Chapter 4
SAWYER
I’ve seen my fair share of reckless shit around here—enough to know when something’s about to go sideways. But watching a Wilding girl sprint full tilt into a round pen, no hesitation, straight toward a panicked horse and two dickheads with a whip? That was new.
I didn’t catch her name. Just heard my dad mutter something about “one of the Wilding girls,” like that explained everything. And maybe it did. Around here, their name had a reputation that came with its own shorthand.
Still. I didn’t expect her. Not that kind of fire. Not that kind of mouth.
She tore into the trainer like she’d been waiting for someone to test her all damn day.
Sharp and unbothered, like this wasn’t the first time she’d had to clean up someone else’s mess.

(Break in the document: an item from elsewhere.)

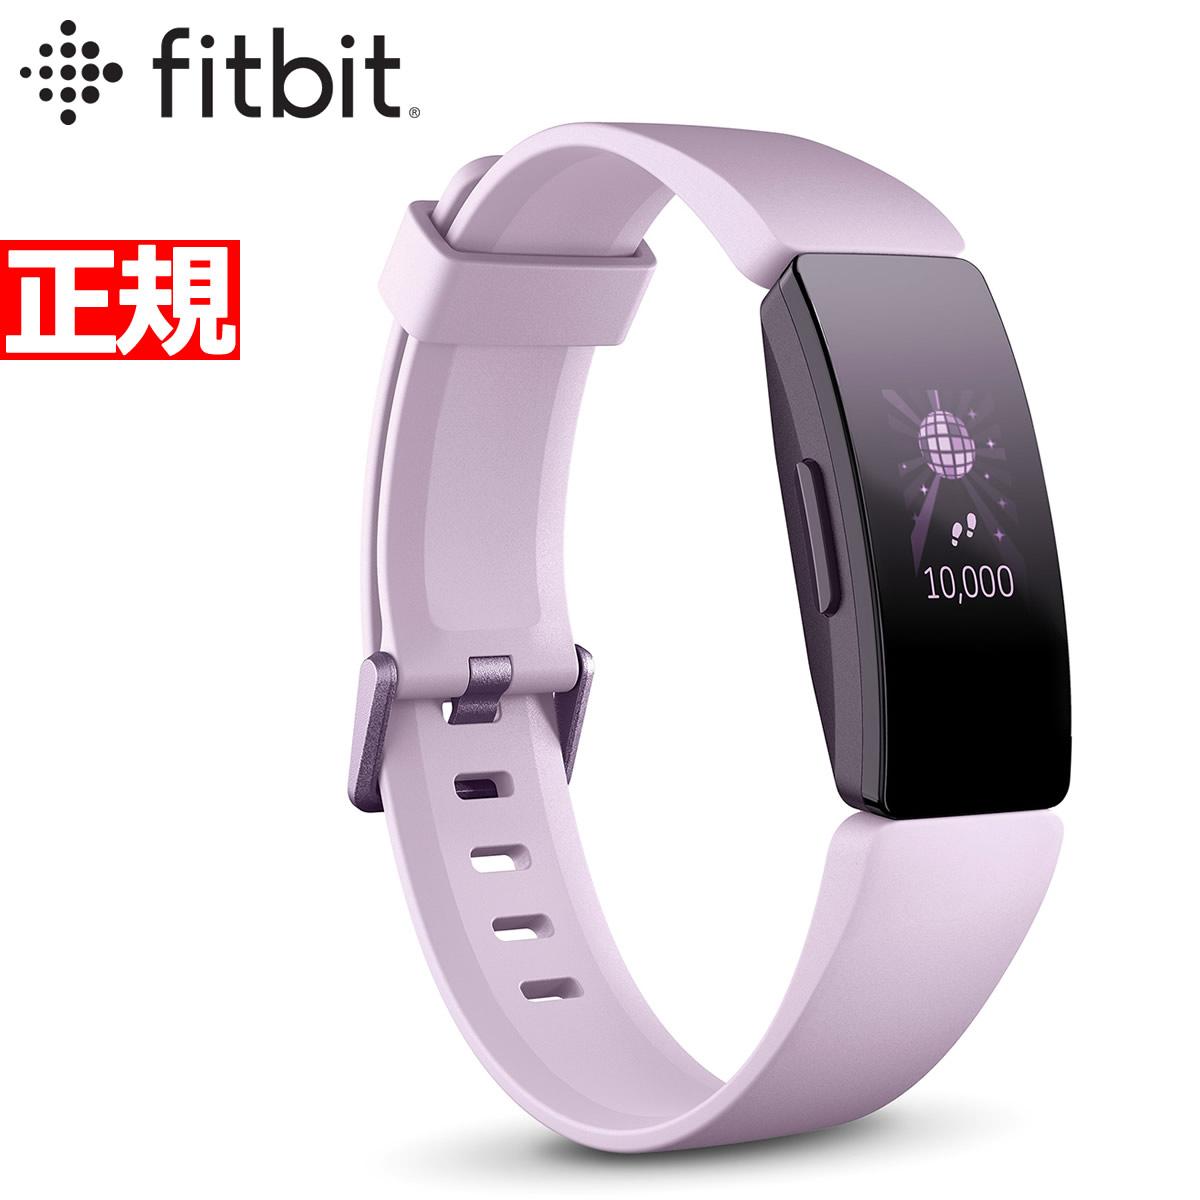 明日0時からはニールがお得♪ 最大2000円OFFクーポン付 L/Sサイズ! 腕時計 26日9時59分まで!Fitbit トラッカー フィットビット Inspire HR インスパイアHR フィットネス トラッカー ウェアラブル端末 腕時計 L/Sサイズ ライラック FB413LVLV-FRCJK【2019 新作】, 中古PCとハイブリッドPCのOA-PLAZA:50c17dfa --- sunward.msk.ru

And then—God—she dropped Ray Hunt into the argument, and I actually laughed.
Like, laughed . Out loud. The sound startled me.
I couldn’t remember the last time something had caught me that off guard. Months? A year?
At first, she looked a little absurd, if I’m honest. Charging in with all that hair flying behind her, boots hitting the ground like a warning shot. But then she stopped. Right there—dead center in the chaos, between a thousand-pound animal and the two men who should’ve known better.
And something shifted.
She moved like someone who’d been in that exact place before.
Not just physically, but mentally—like she’d been close to something terrified and angry before and still found a way to stay steady.
Everything about her became focused. Intentional.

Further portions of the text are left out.